Старуха, конечно, почтенного возраста, но не до такой же степени.
– Сколько ей было… ну то есть, сколько ей лет, не знаете?
Марина Васильевна ответила:
– Знаю. Легко было запомнить, она того же года рождения, что мой дедушка. Тысяча девятьсот пятого.
Ого! Сто пять лет человек на свете живет! Ну, жила-то она, строго говоря, девяносто, дальнейшее не считается, но всё равно – живая история. Точнее, полуживая, подумала Вера и одернула себя. Это был юмор дурного тона, стыдный.
– А звали ее как? Наверное, у нее было имя, отчество?
Она же русская.
Старшая медсестра немного подумала.
– Насчет отчества не знаю. Не уверена, что в карточке оно вообще указано. Может, я не обратила внимание. А имя у неё… Александра. Нет, вру, Александрина. Точно Александрина. Как в песне.
Приятным хрипловатым голосом Марина Васильевна запела, протирая неподвижное лицо живой покойницы: «Александри-ина, уже пришла зима».
Это я
Сегодня опять приснилась смерть. Она освежила мне лицо своим благоуханным дыханием, позвала по имени, сказала, что однажды наступит зима и мне можно будет уйти, потому что всё наконец исполнится. У смерти был голос Ивана Ивановича – высокий, чуть хриплый. Лицо тоже его, мягко-улыбчивое, покойное. Глаза незрячие, но при этом не слепые. Я знаю: это из-за того, что их взгляд обращен не вовне, а внутрь. У меня такой же.

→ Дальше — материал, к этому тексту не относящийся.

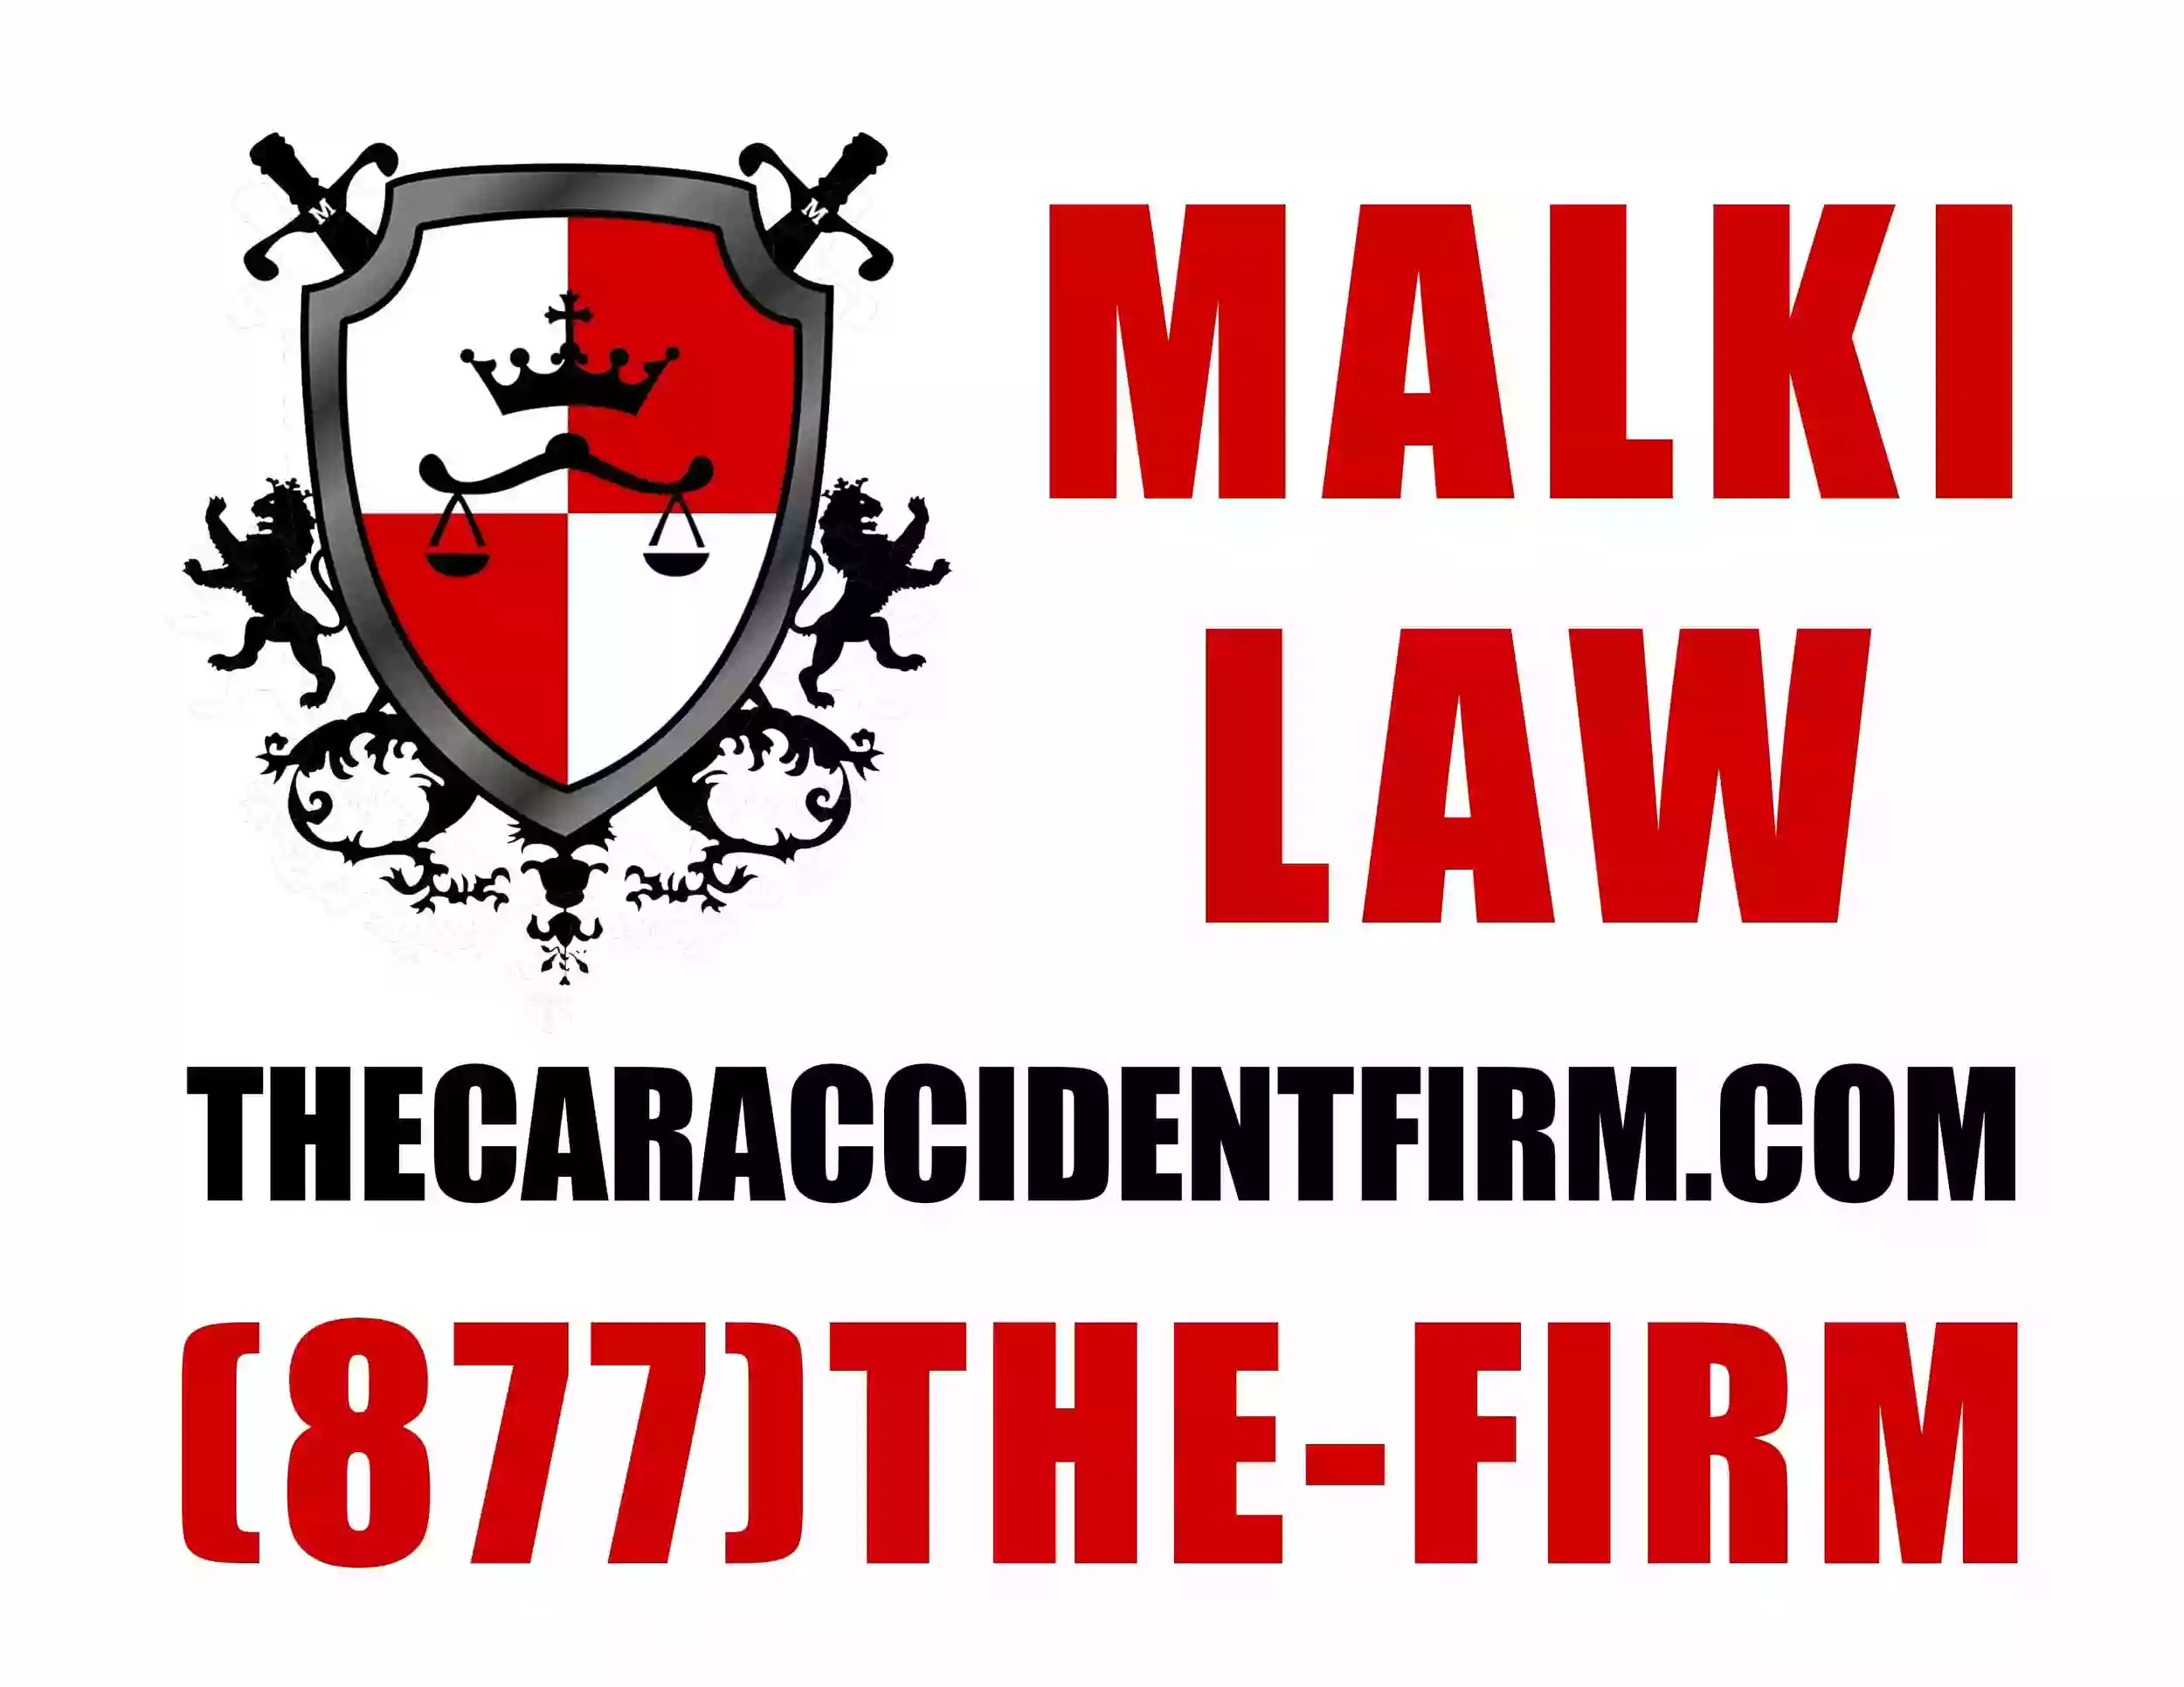 Malki Law 877-THE-FIRM

Я размыкаю ресницы, утешительный сон улетает. Сейчас я перестану что-либо видеть, но, как всякий раз перед пробуждением, на миг возникает близко придвинувшаяся физиономия Мангуста. Она вся подергивается, губы кривятся, шепчут: «Помогите мне, а я помогу вам. Иначе будете мучиться долгие годы – у вас крепкое сердце и превосходные легкие… Не хотите? Ну так любуйтесь!» В зеркале появляется жуткое скособоченное лицо со стекающей по щеке слюной, бритым лбом, горящими глазами. Это последняя картина, которую я видела наяву перед тем, как ослепнуть. Она, как и гримасы Мангуста, мучает меня все эти годы.